# What makes a decent and sturdy rack to support many tanks?



## Richbinduga (Apr 4, 2013)

I am thinking about breeding angelfish and shrimp. i want to know what i can use for racks that can support the weight. also, i dont want them to look too crappy, as my family will have to look at them. money is kind of an issue. im on a tighter budget. i'd rather put that money towards filtration, etc. and room is also a factor thats why i wanted racks so i could build up instead of out. let me know what you guys think


----------



## catfisherpro (Apr 5, 2013)

Sounds like ur gonna need steel. Angelfish need a large tank to breed in.as for building up dont sound all that safe but if u do have a decent wide base to prevent toppling over. 1in square pipe should work great with right amount bracing an good welding. Local scrap yard should have some cheap.Had a 120g sitting on a DIY stand


----------



## Richbinduga (Apr 4, 2013)

would any sort of steel racks from home depot or lowes work out?


----------



## catfisherpro (Apr 5, 2013)

Don't think they would but dont know what type of racks they have


----------



## Tolak (Mar 10, 2013)

If you want to save money go with wood, 2x4's & such. Being wood these can be as plain or as fancy as you like, the obvious first choice would be paint to match the decor of the area they will be going in. Another option is a bit of router work on the edges to make them look less like plain construction lumber. You could go as far as wrapping the sides in finished one side plywood & adding a bit of stock millwork for trim, but this will add to the cost.

I've got tanks stacked on racks, fishroom oriented towards angel breeding, plain 2x4's since they have their own room in the basement.

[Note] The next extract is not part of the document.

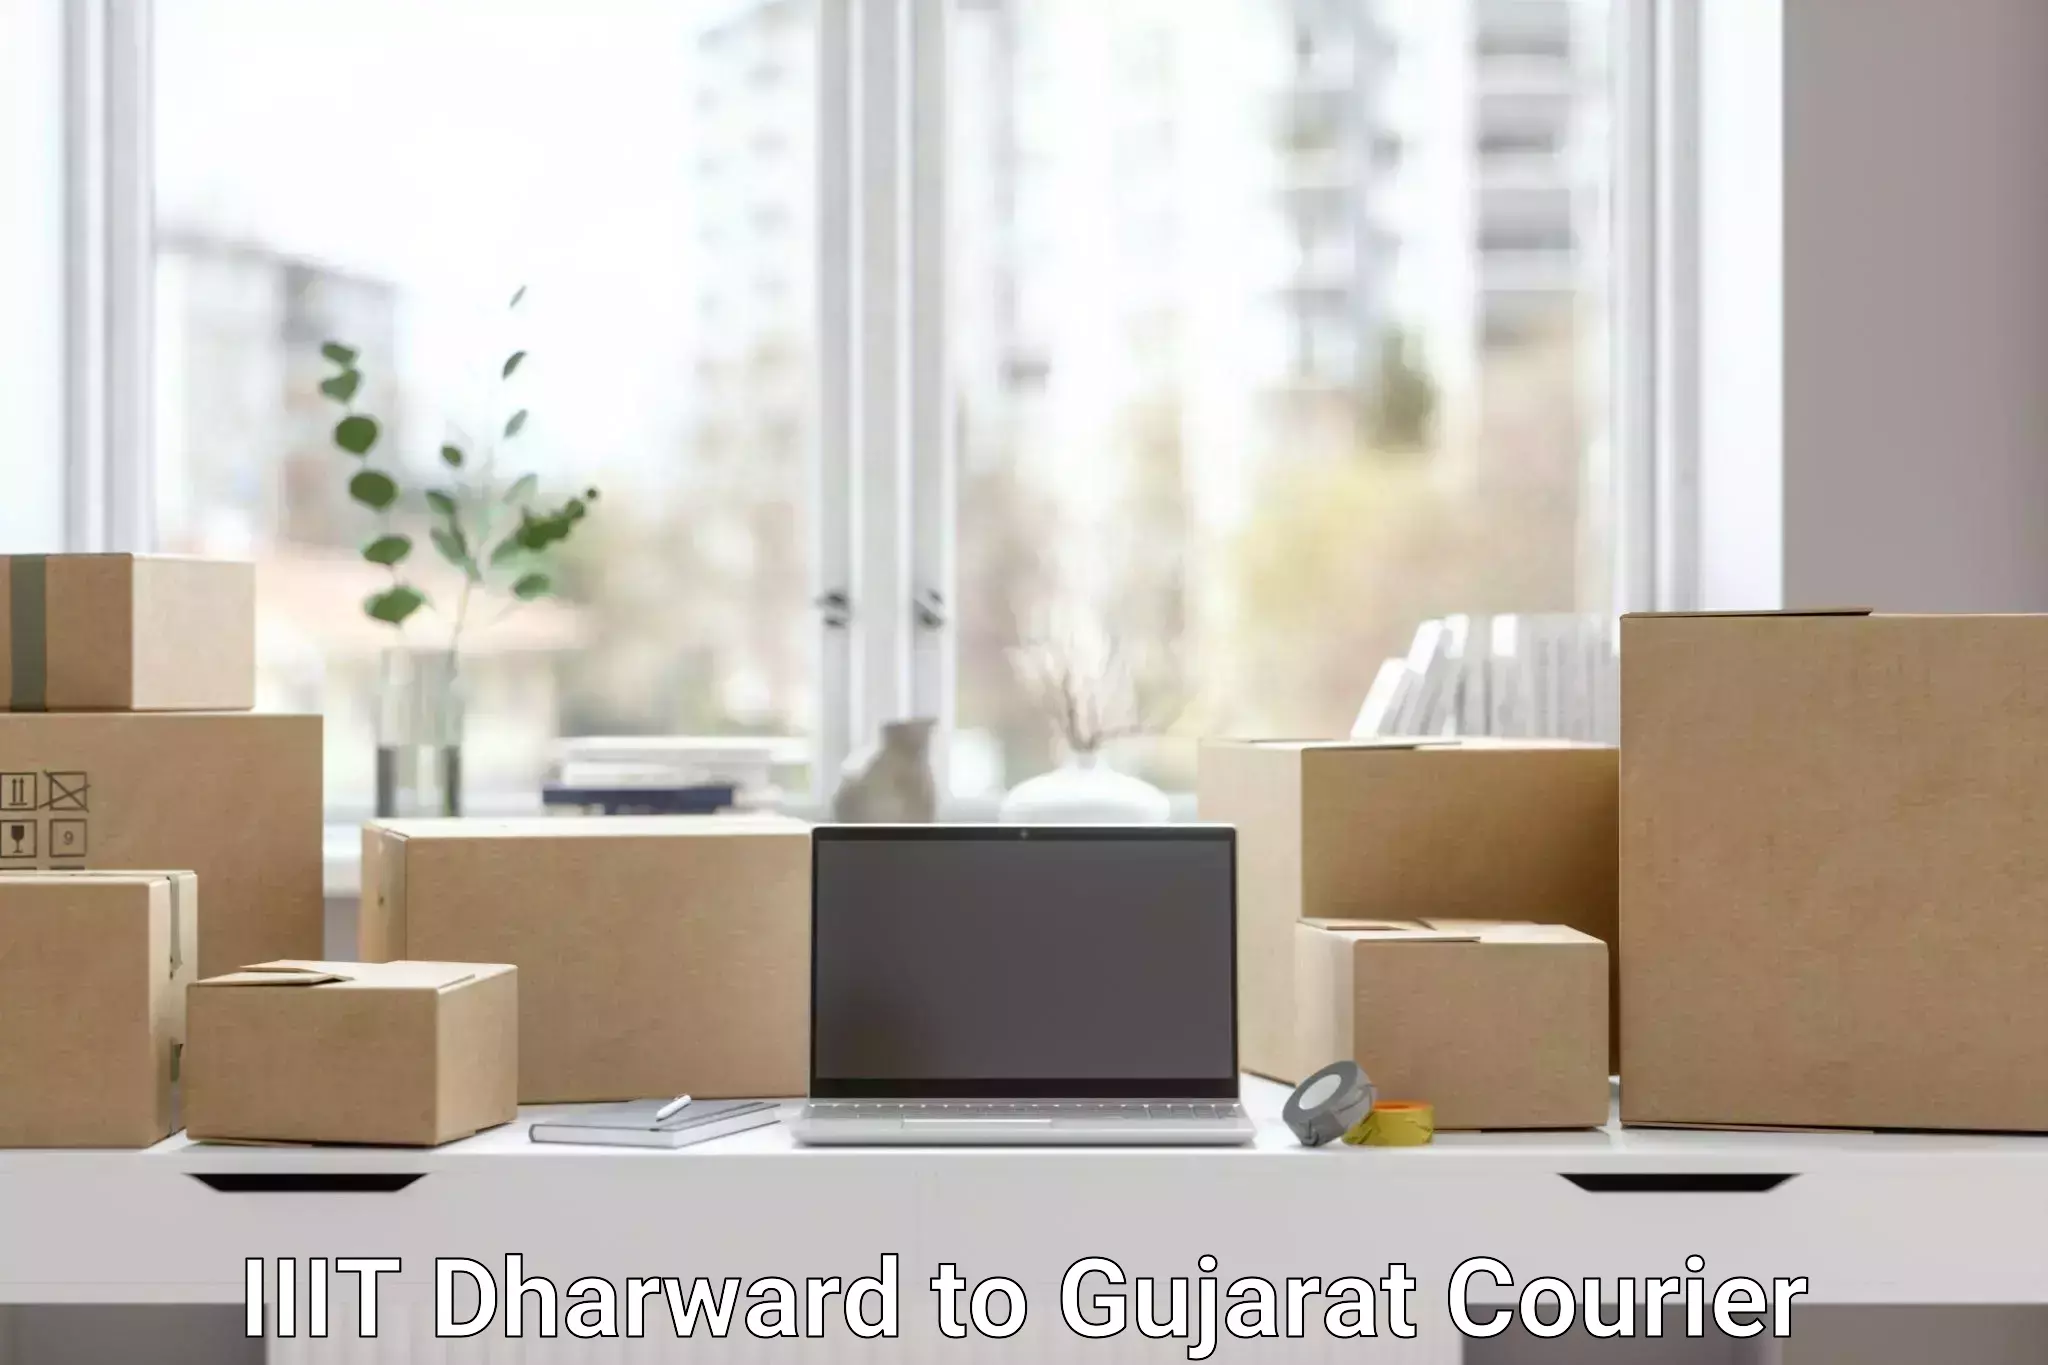 Smart logistics solutions IIIT Dharward to Gujarat

Wood is plenty strong, these racks have been going for years, 10's, 29's, 40b's & such. Another option is gorilla racks, common among fishroom folks, a bit more costly & industrial looking, but they work well.


----------



## Richbinduga (Apr 4, 2013)

Gorilla racks look kind of cool actually. How strong are they?


----------



## coralbandit (Jul 29, 2012)

Gorilla Rack, a Division of Rapid Rack Industries, Inc. - Gorilla Rack, a Division of Rapid Rack Industries, Inc.
The site says the "boss" and the "brute" hold 2200 lbs. per shelf!


----------



## Tolak (Mar 10, 2013)

500-700 pounds per shelf with the standard capacity units, depending on length. I know people who put 30's & 40's on them without a problem, I would suggest securely anchoring them to a wall though.


----------



## Richbinduga (Apr 4, 2013)

Yeah they seem pretty b.a. How do you anchor them to a wall?


----------